What datastore is in the middle of all these pieces? Well, you guessed it, it’s a convoluted combination of SQL, Cassandra, and Elasticsearch. No, I’m just kidding, all those other conferences turned me down, so we decided to use Mongo instead! And thank god. So here is our new platform and it now comes with a price tag of [CLICK] $6,500/month. If you’ll remember from the earlier slide, our original cost was $60,000/month so this new platform is running at 10% of our earlier cost.
Massive cost savings, huge performance gains, transactional consistency instead for waiting for stuff to propagate to display, handful of services instead of hundreds of clusters to maintain. Great stuff; not without its challenges - but we’ll get into those next
It’s worth pointing out that this architecture is completely serverless or containerized. We have lambdas and a few dockerized autoscaling services. I’ll speak more about Atlas in the next few slides, but in terms of its place here, it fits great into this architecture where we just want to code and not worry about infrastructure.
Let’s talk about our DevOps decisions.
[CLICK] In its first iteration our cluster was some EC2 instances we provisioned by hand. We put together a few memory optimized instances as a replica set, figured out what ports to have access to what, installed Mongo.
It’s cheap, but not super easy to set up, and it wasn’t going to be a viable long-term solution.
We actually had an old cluster that was set up by hand and running a side job in production. We never saw any issues with it, but we weren’t going to risk it this time.
[CLICK] We did much better on the second iteration. We decided to use cloud manager which is still an option I would recommend to people on a budget
It was again cheap, the installation was easy and fast, it allowed us to upgrade mongo versions quickly and scale with the push of a button
A few kinks that we saw (and those are somewhat unique to our setup) had to do with dealing with our own VPCs within amazon (cloud manager didn’t have a seamless integration at the time)
However, it allowed us to code fast and forget about our database for the most part. Again, a totally reasonable option
Now, our third iteration was Atlas [CLICK]. What was great about it?
Well it was much cheaper than having a dedicated DevOps engineer
It is super fast to set up, can be set up to scale automatically
It gave us insights into our indexes, long running queries, performance glitches, and more
And updates took no time and no stress on our part whatsoever
We recognize that some of the cooler things about Atlas like performance analytics and such can be done by hand. But it’s just tedious, less graphable, and of course, for things like showing database load and so on, Atlas just kills it.
So, like I said earlier, between serverless and Atlas, our infrastructure basically manages itself and leaves our hands free to make great products which is what most of us are passionate about
How did we decide on our indexes?
I already mentioned that we started from zero. We really just wanted to see what works and what doesn’t.
In our experience, if we could get an index to narrow down the scan size to thousands of documents, then it struck the balance between index size and performance gain. I can obviously create an index that gets us down to a single document, but the cost of doing that is not worth it
Once we started creating indexes we kind of went with our best guesses on what works.
For example, for display we knew tags, client name, and timestamp were going to be in every query - easy!
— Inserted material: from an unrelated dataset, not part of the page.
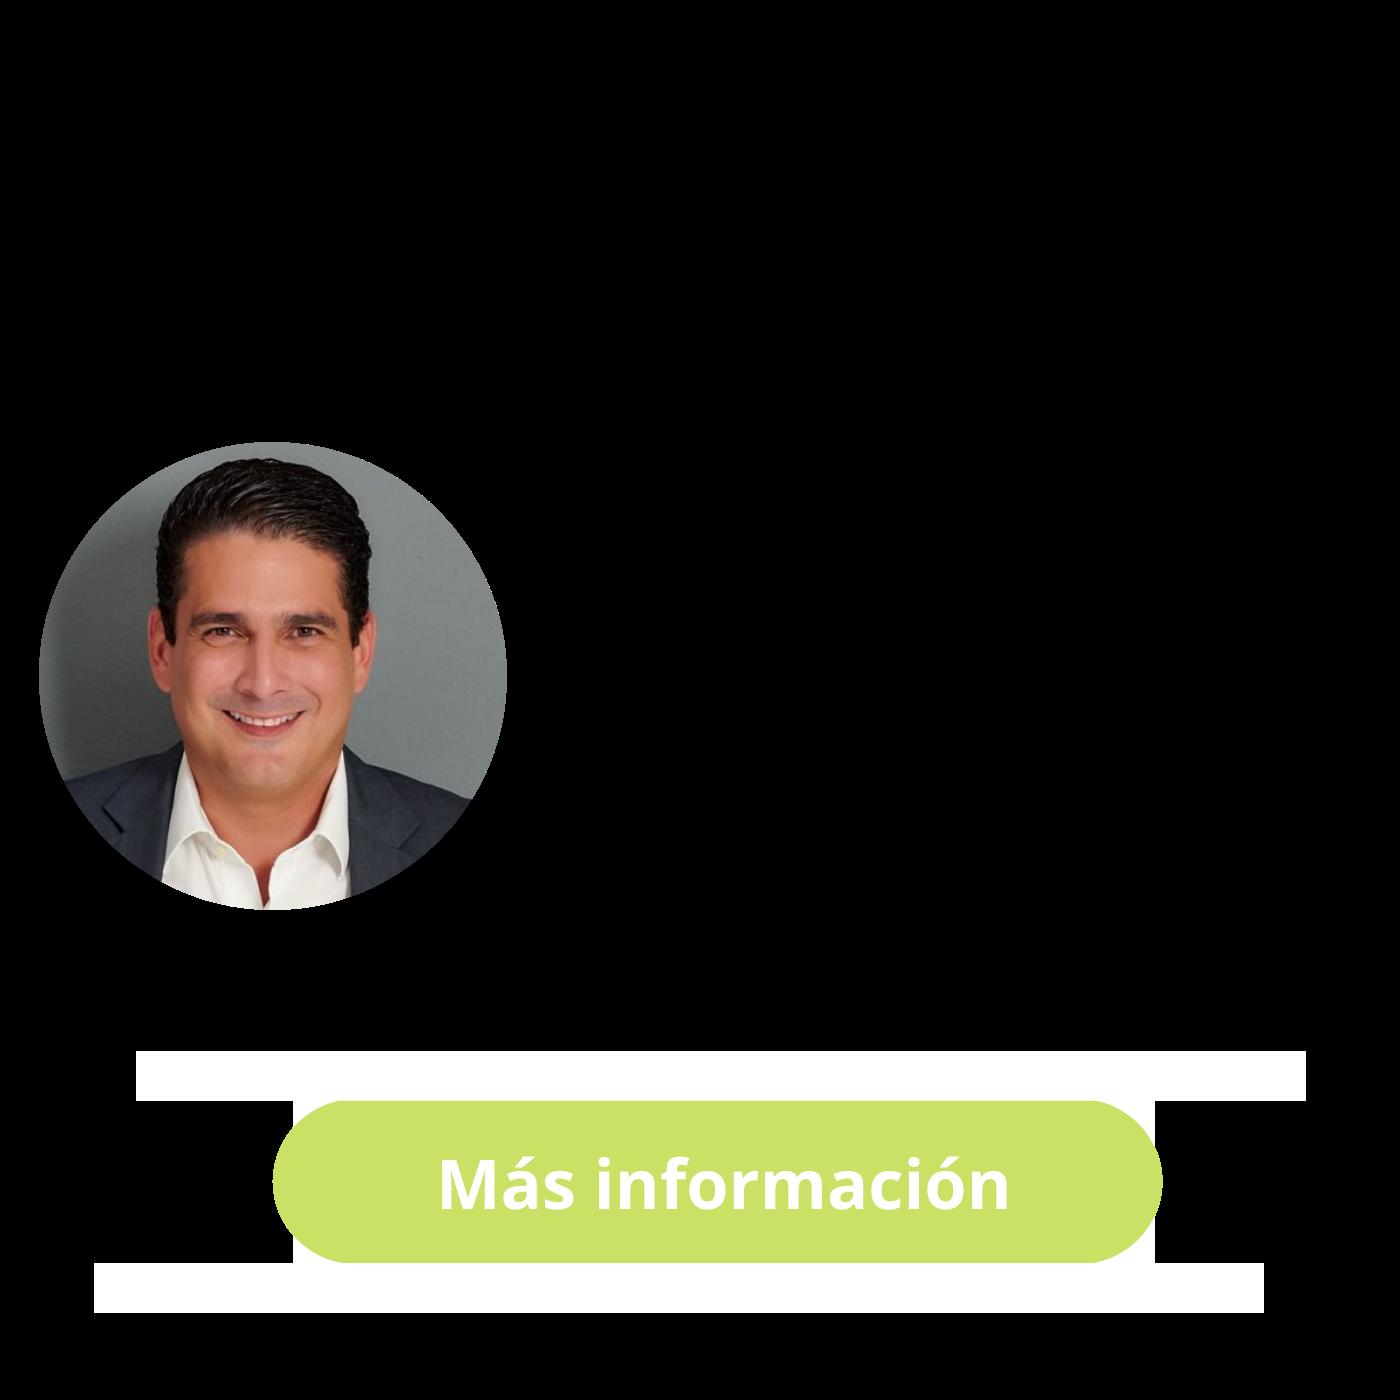 El Desafío Municipal De La Pandemia En Santa Tecla. Newsletter. Infografía. Roberto d'Aubuisson. 2021

For the more complex enrichment rules, we really just ballparked our guesses. Sometimes we were right, sometimes we weren’t
A big part of our philosophy is to do what makes sense at the time and build stuff that we can easily iterate on. That applied to our indexes as well
Once we started using Atlas, we realized we weren’t using some of our indexes nearly as often as we thought we would be
We were able to make smart decisions on which ones to kill
An index killed is as valuable as an index added. Why? We want all our indexes to fit in memory. Unused indexes obviously work against that goal
Shifting gears a little bit, I wanted to talk about some of the problems we’ve encountered in our new platform over the last year, and how we tackled them. We all know, nothing in life is easy, we have this shiny new product we built, we got this amazing tool (our database), so we can just cruise from here on out, right? Uhhh actually yes, pretty much, but not quite.
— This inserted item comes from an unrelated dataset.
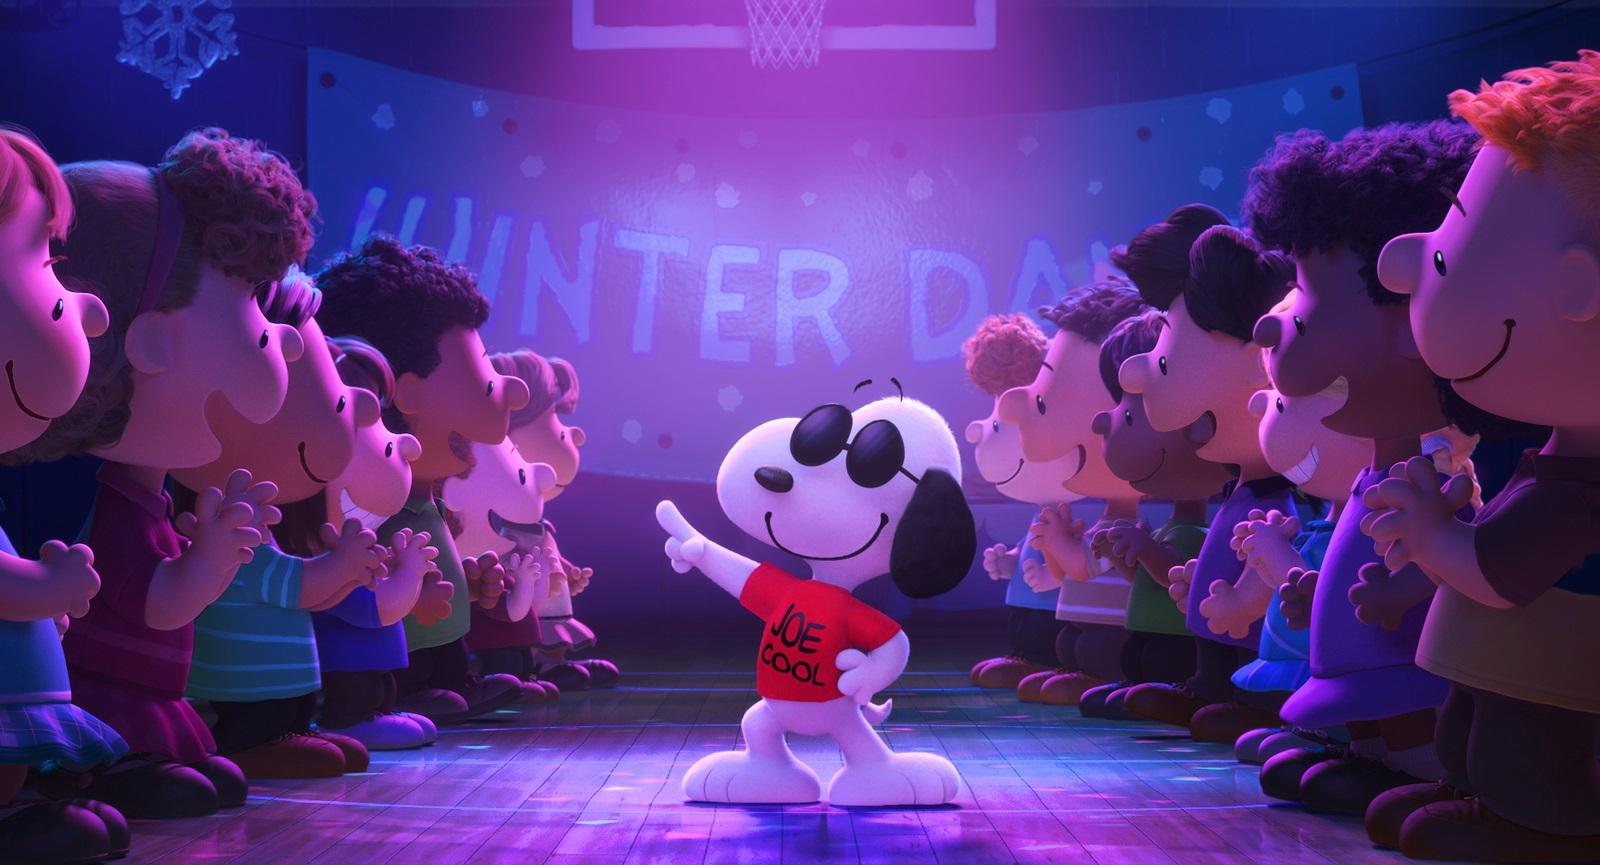 Snoopy-Peanuts-Film-1

The first problem had to do with [CLICK] a random day when our database started just failing over again and again. During failover it would be unresponsive for minutes at a time and the pattern would repeat every hour or so
[CLICK] How did we detect it? Our board metrics indicated high response times. Further digging indicated that we had over 30,000 open database connections at the time of failover (for those of you taking notes, how much does it take to bring down the Primary node? About 30,000 open connections)
[CLICK] Tools we used to root cause. Datadog and the Mongo console.
[CLICK] And the solution? Once we realized each request to our database was opening a new connection and those connections weren’t being closed fast enough, we switched to using connection pools.
The lesson? Failover is not seamless and it’s not cheap. It’s great that it’s there, but it’s better when it doesn’t happen.
Another problem happened in the very early days of our new platform launch. [CLICK] Shortly after onboarding our first live client, we realized that the displays on their site were taking around 6 seconds to load
[CLICK] How did we detect it? Well for this one the datadog board was obvious. What’s interesting is that it also indicated our database queries were taking more than 5 seconds; at the same time Atlas was telling us that database queries (for the same request) were taking less than 100 milliseconds. So what gives?
[CLICK][CLICK] As it turns out, the discrepancy in the request times had to do with our Lambdas connecting to mongo. On cold start, a lambda would take about 5 seconds to connect to mongo, then the mongo query would take 100 milliseconds, and all would get recorded in Datadog as a single transaction.
Our solution was a quick switch from running display off of lambda (which is what we were doing at the time) to the dockerized autoscaling service you guys saw in the earlier diagram
This next problem has to do with the execution of our complex rules. If you’ll remember from earlier, rules are a set of filters coupled with a set of actions. So for example, your filter is “everything that says rain boots and is moderation approved” and the action is “ask author for permission”
[CLICK] As our rules started growing in complexity, we noticed that for all of them to execute it was sometimes taking 30 minutes or more. Individual database operations were taking minutes to complete despite multiple complex indexes.
[CLICK] How did we detect it? Our Atlas board metrics indicated poor rule execution time and [CLICK] obviously Atlas was our tool to root cause the issue
[CLICK] And how did we solve it? Well, we realized that our rules were performing actions on matching content, but unmatched content was still being scanned in subsequent executions. Our solution was to exclude scanning of previously unmatched content. And to do that we included a timestamp in our queries that only scanned content updated since the last time a rule ran.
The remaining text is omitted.